My son joined a school orchestra which meant he had to transport his a viola (i.e. smaller violin) between home and school often.
Since he loved riding his bike to school wit his friends, I needed a way to mount his viola case to his 24″ Diamonback Mountain bike.
He was already lugging around a 19 pound backpack so carrying the viola case on his back was out of the question.
TRAY VS. TRAY + SIDE LEGS
There are two primary types of rear bike racks:
- Tray only (example) – attached to the seat post; limited carrying capacity
- Tray + Side legs (example) – same as above except it also has side support legs that gets attached to the bike frame;
I initially considered the tray model but found many complaints related to the bracket’s weld joint failure. I suspected that was happening due to constant flexing / jostling of the tray when the bike was in motion (remember that most mountain bikes do not have suspension in the rear).
I ended up choosing the tray + side leg model it did not have any joint failure complaints (probably because the cargo’s weight was also supported by the side legs).
TRAY (SEAT POST) VS. TRAY (BIKE FRAME)
To further complicate the choice selections, there are two different methods of attaching the cargo tray to the bike (in addition to the side legs). Two examples are:
- Lopez Rear Bike Rack – Tray is attached to seat post + side legs attached to the frame; or
- Iberia PakRak – Tray is attached to the bike frame + side legs attached to the frame
The primary advantage of the tray that gets attached to the bike frame (i.e. Iberia model) is that it can carry more weight. However, not many mountain bikes can accommodate its “fork” design without spending money on adapters (like this one or this one).

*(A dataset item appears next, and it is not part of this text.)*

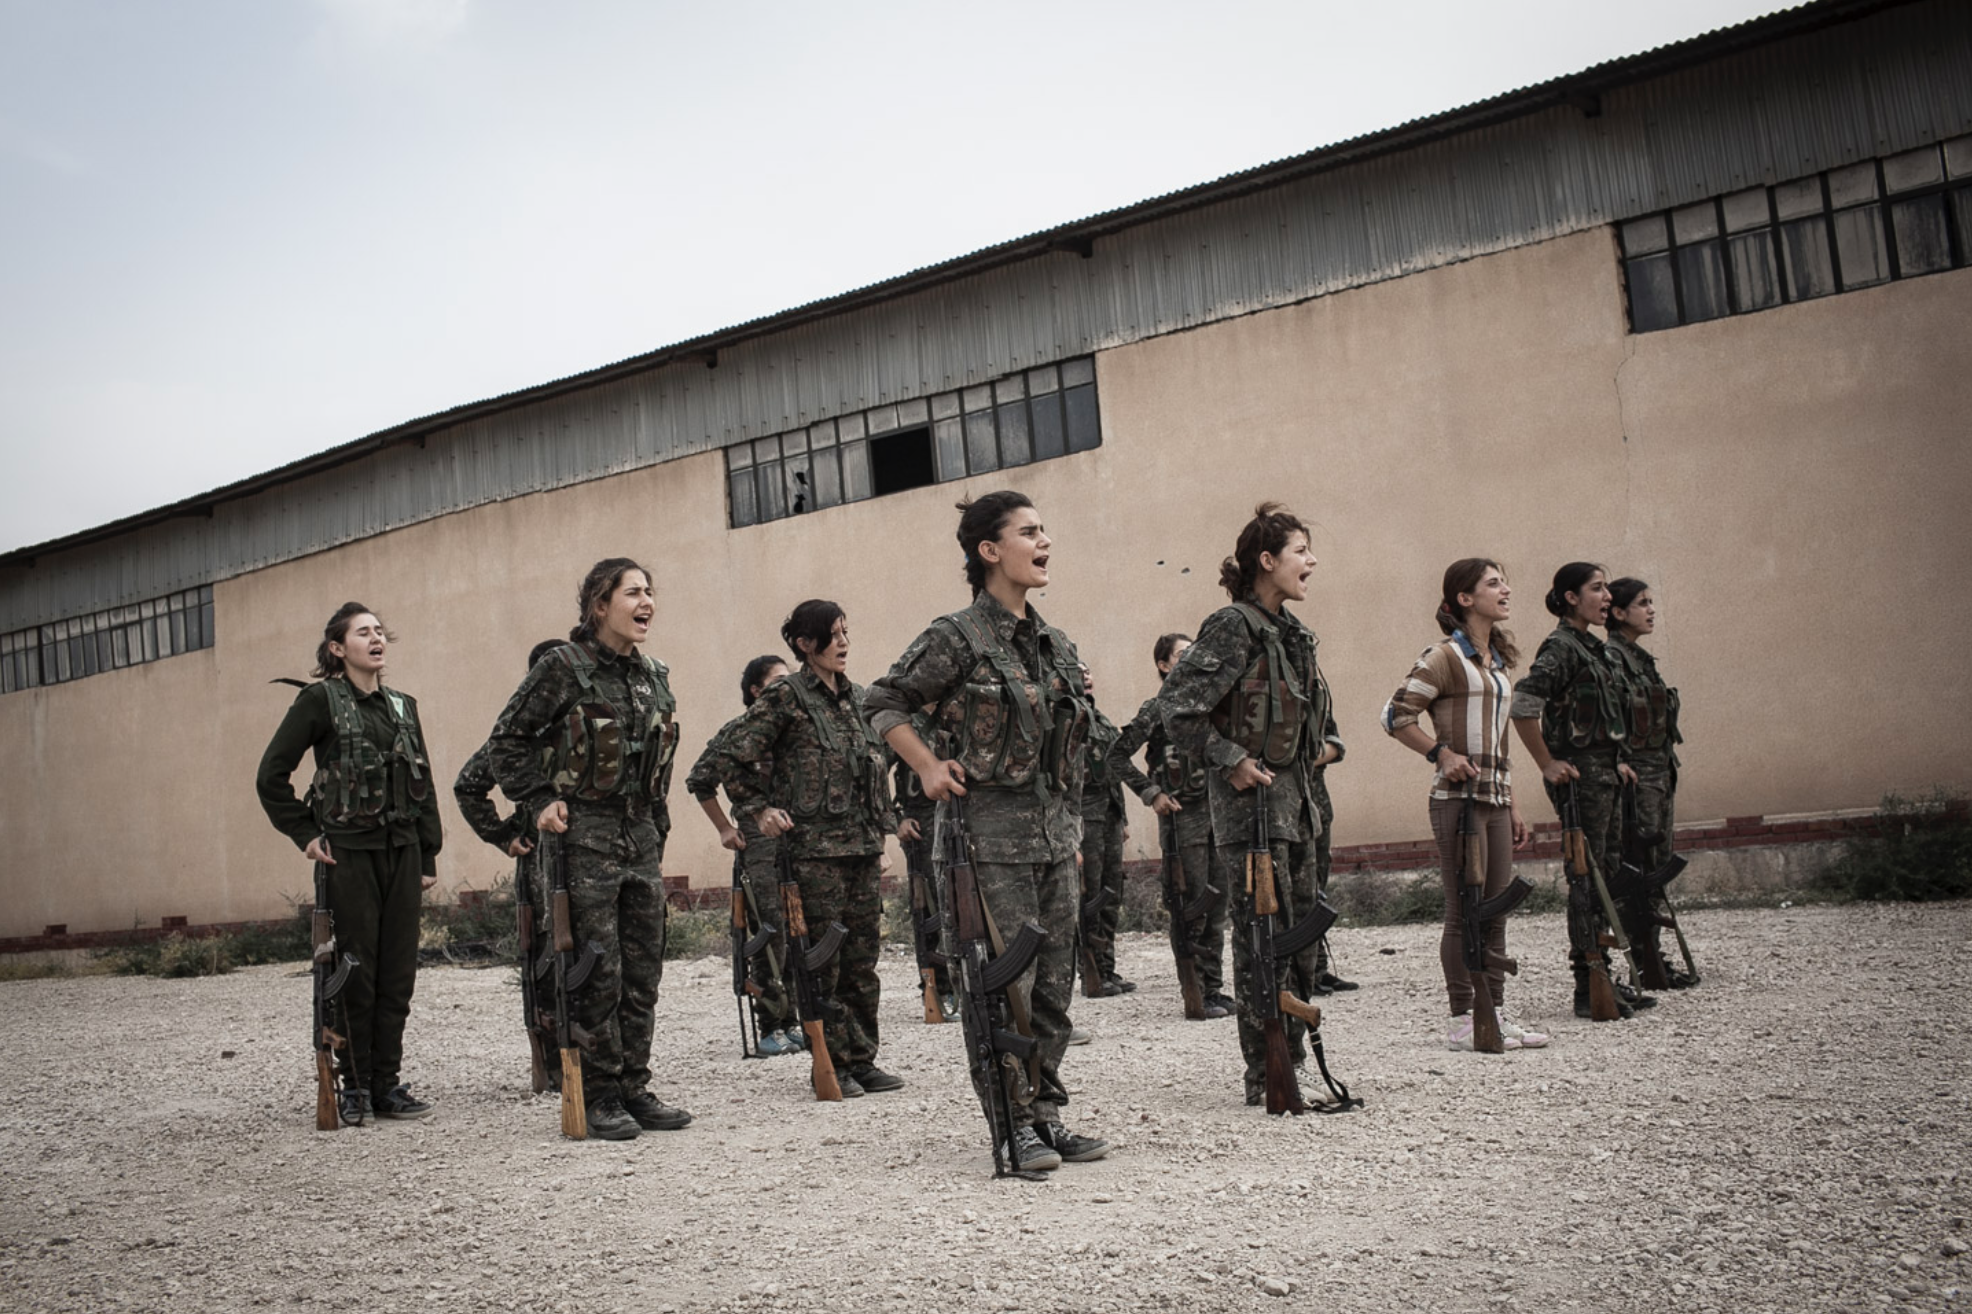  Young YPJ recruits participate in drills at dawn near Derek City, Syria. The YPJ schedule is demanding and discipline driven - new recruits get 6 hours of sleep and wake at 4 AM for physical training; afterwards, their day consists of drills and cla

TRAY (BIKE FRAME) + SIDE LEGS: CHOICES
When looking at this top of cargo carrier, I found Amazon these models:
- Acomfort – 110 Lbs Capacity Adjustable Bike Luggage Cargo Rack Bicycle Accessories;
- BoG – Rear Bike Rack Heavy Duty Alloy Bicycle Carrier 110 Lb Capacity;
- ComingFit – 110 Lbs Capacity Aluminum Alloy Bicycle Rear Rack Adjustable Pannier Bike Luggage Cargo Rack Bicycle Carrier Racks;
- Lopez – Disc Brake Bicycle Bike Alloy Rear Rack Quick Release Bicycle Carrier Rack Luggage Protect Pannier;
- OuterDo – Bike Carrier Rack Bicycle Mount Racks Cycling Cargo Racks Black Alloy Seatpost Rear Pannier Luggage Carrier Height Adjustable;
- West Biking – Universal Adjustable Equipment Stand Footstock Bicycle Carrier Rack with Reflective Logo, 110 lb Capacity, Black
Frankly, other than few minor design differences (i.e. square vs triangular support beams) they all looked the same way (my guess is that all these products were sourced from a same Chinese manufacturer).

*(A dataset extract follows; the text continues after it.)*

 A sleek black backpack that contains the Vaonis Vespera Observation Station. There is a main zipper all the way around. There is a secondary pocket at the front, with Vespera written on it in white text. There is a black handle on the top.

Although the review count was lower than other models, I chose Lopez because I felt it provided the simplest setup over other competitions (does anyone care about those keychain gift gimmicks?).
- LOPEZ rear bike rack
- 36″ x 2″ Hook & Loop Cinch Straps (a.k.a. Velcro straps) (I needed at least 2 straps to securely hold down the viola case; please note that each pack comes with 4 straps
- Black electrical tape (optional)
- Foam padding (optional) scrap (something like this)
LOPEZ bike rack came with these tools:
- Combo (open / closed) wrench (included in the package)
- Hex key (included in the package)
- Socket + Ratchet + Extension bar
STEP # 1 – The bike’s seat post was 1″ diameter (how do I figure this out?) so I had to add 2 rubber padding pieces (included) to mount the tray. You will need to adjust the quick disconnect screw the adjust the tightness around the seat post;
STEP # 2 – With the tray mounted, we need to install side support legs. Both legs are identical so it does not matter which side gets installed first. Each legs are made up of 2 parts: longer support leg (gets attached to the tray) and a mounting bracket (gets attached to the bike frame). I installed it so that the longer side legs are on the outside (see pix) to allow additional clearance.
STEP # 3 – With main parts installed, we now move on to trim work by first installing the tail reflector.
STEP # 4 – and Hook and Loop strap (a.k.a. Velcro straps)
By utilizing the included bungee cord and two wide Hook and Loop straps, my son’s viola can be transported with ease!